*WHAT THE TASK ASKS*. Leave every picture out. Set down all the lines below exactly.

*RECORDED INFORMATION*.
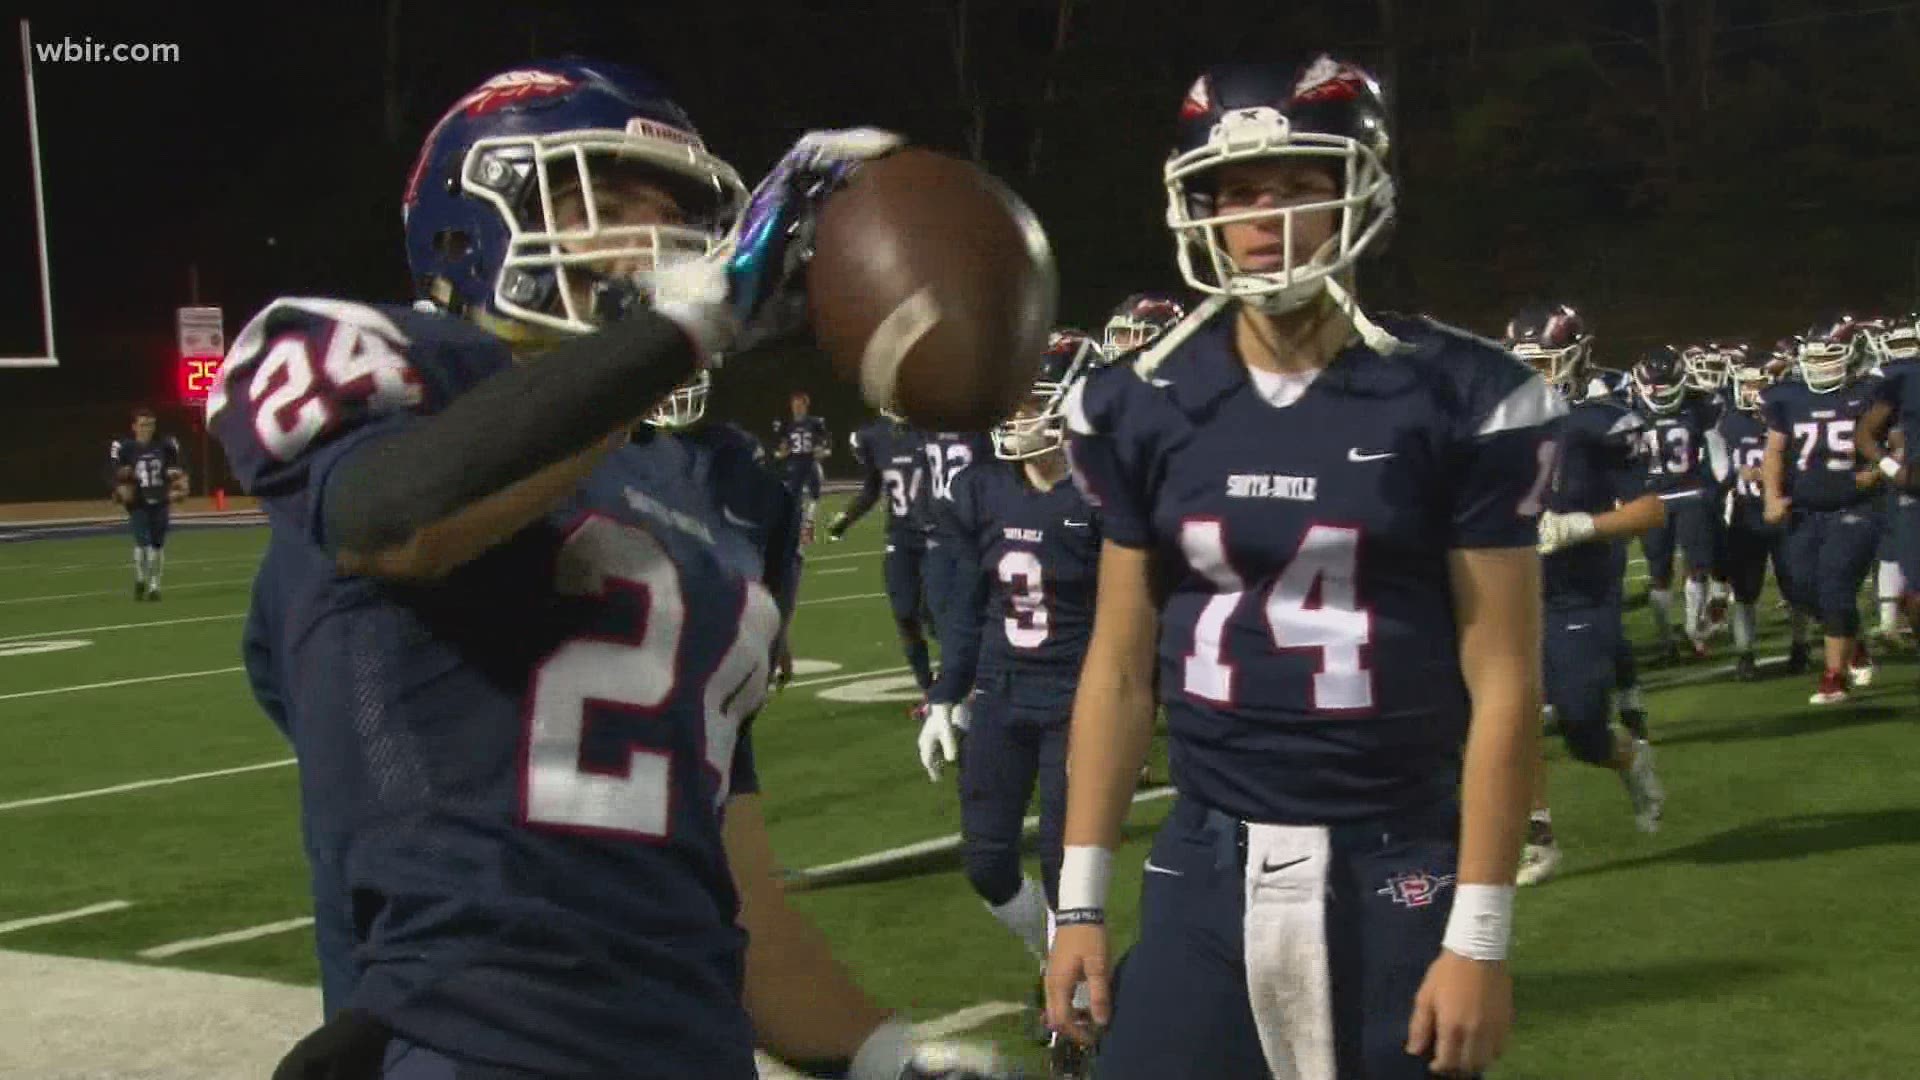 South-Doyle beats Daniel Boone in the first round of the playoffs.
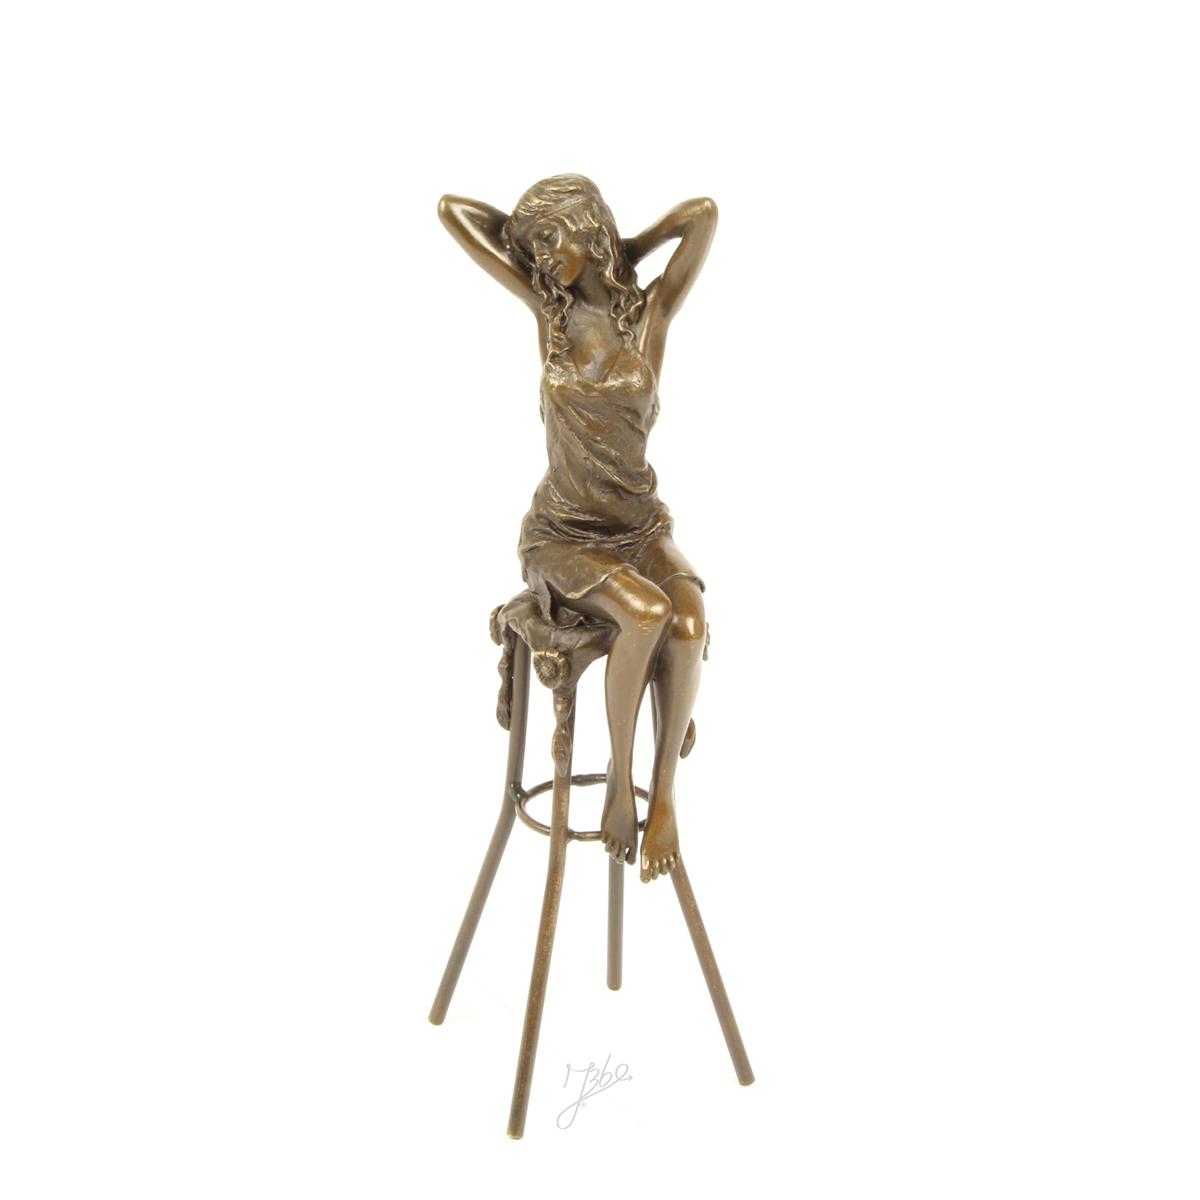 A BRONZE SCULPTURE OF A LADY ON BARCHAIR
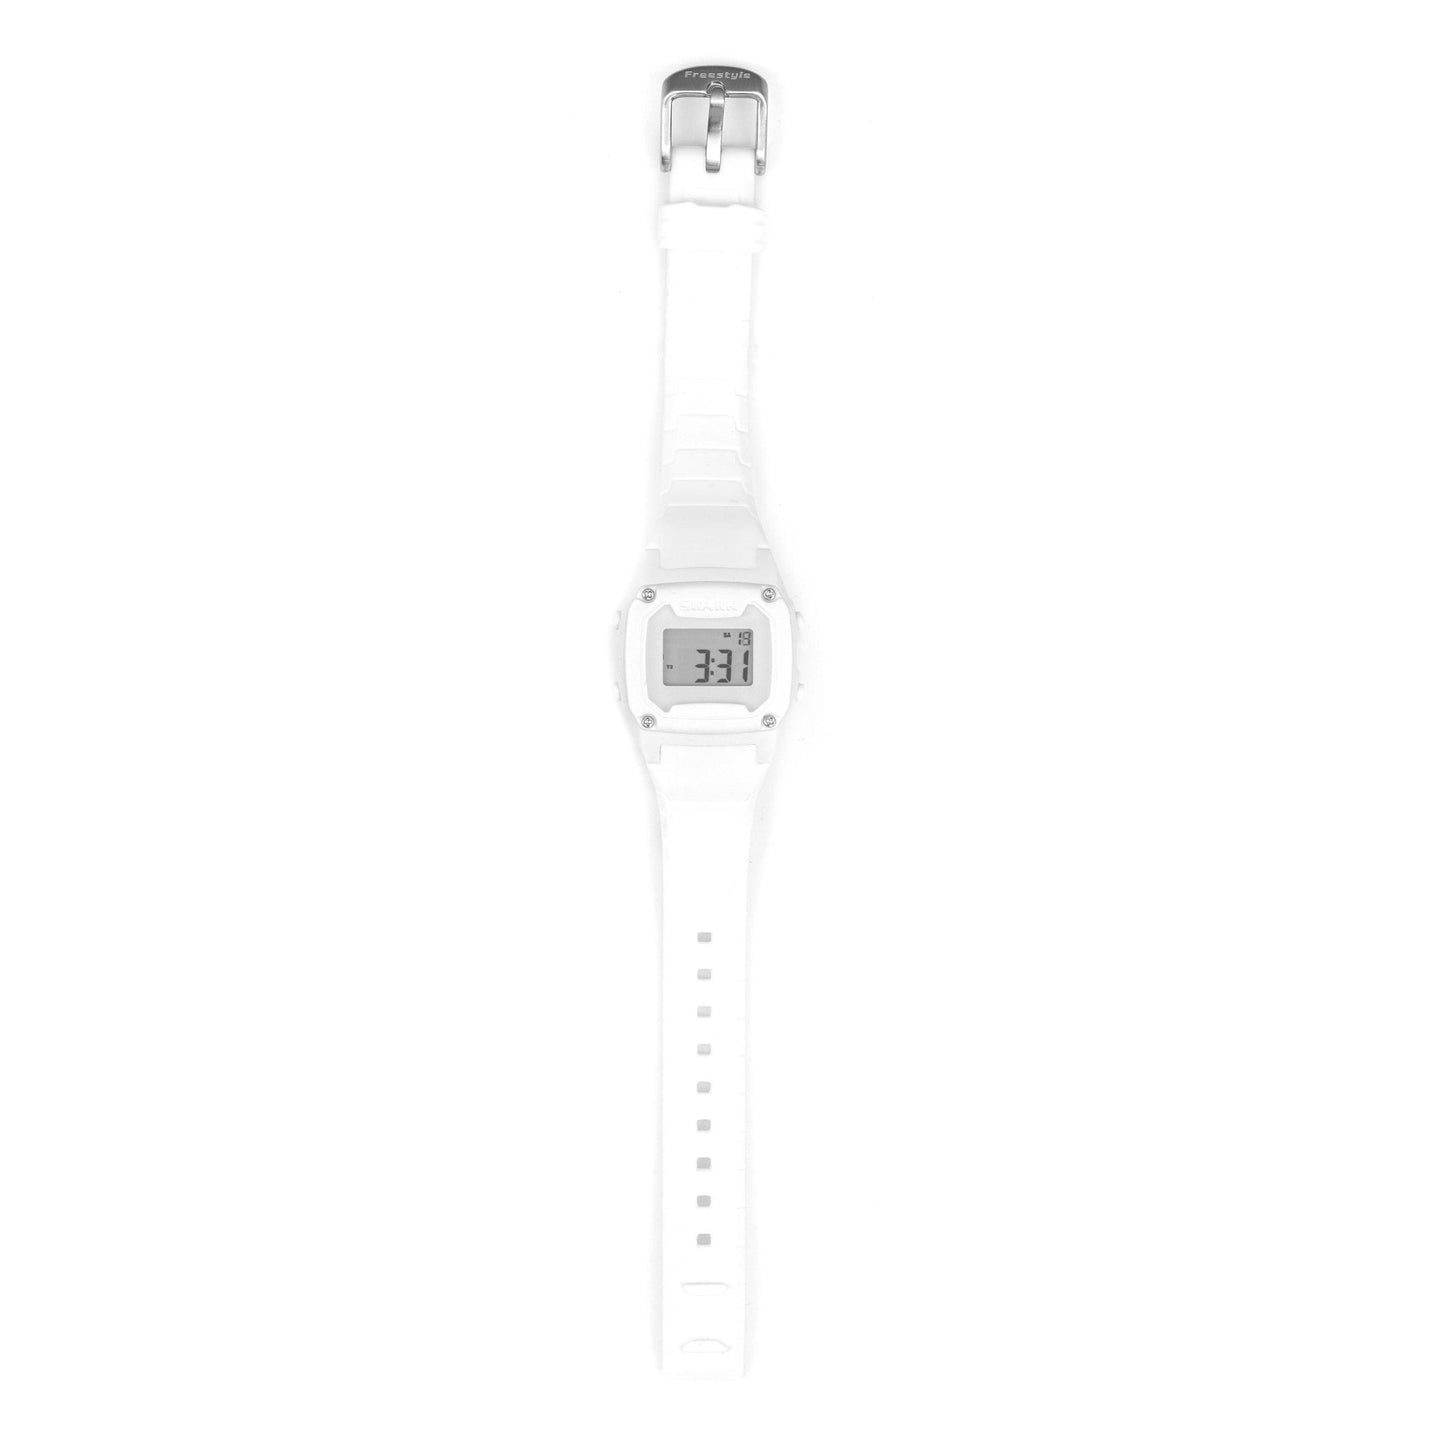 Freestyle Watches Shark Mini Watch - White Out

*EXERCISE RESULT*.
 South-Doyle beats Daniel Boone in the first round of the playoffs.
 A BRONZE SCULPTURE OF A LADY ON BARCHAIR
 Freestyle Watches Shark Mini Watch - White Out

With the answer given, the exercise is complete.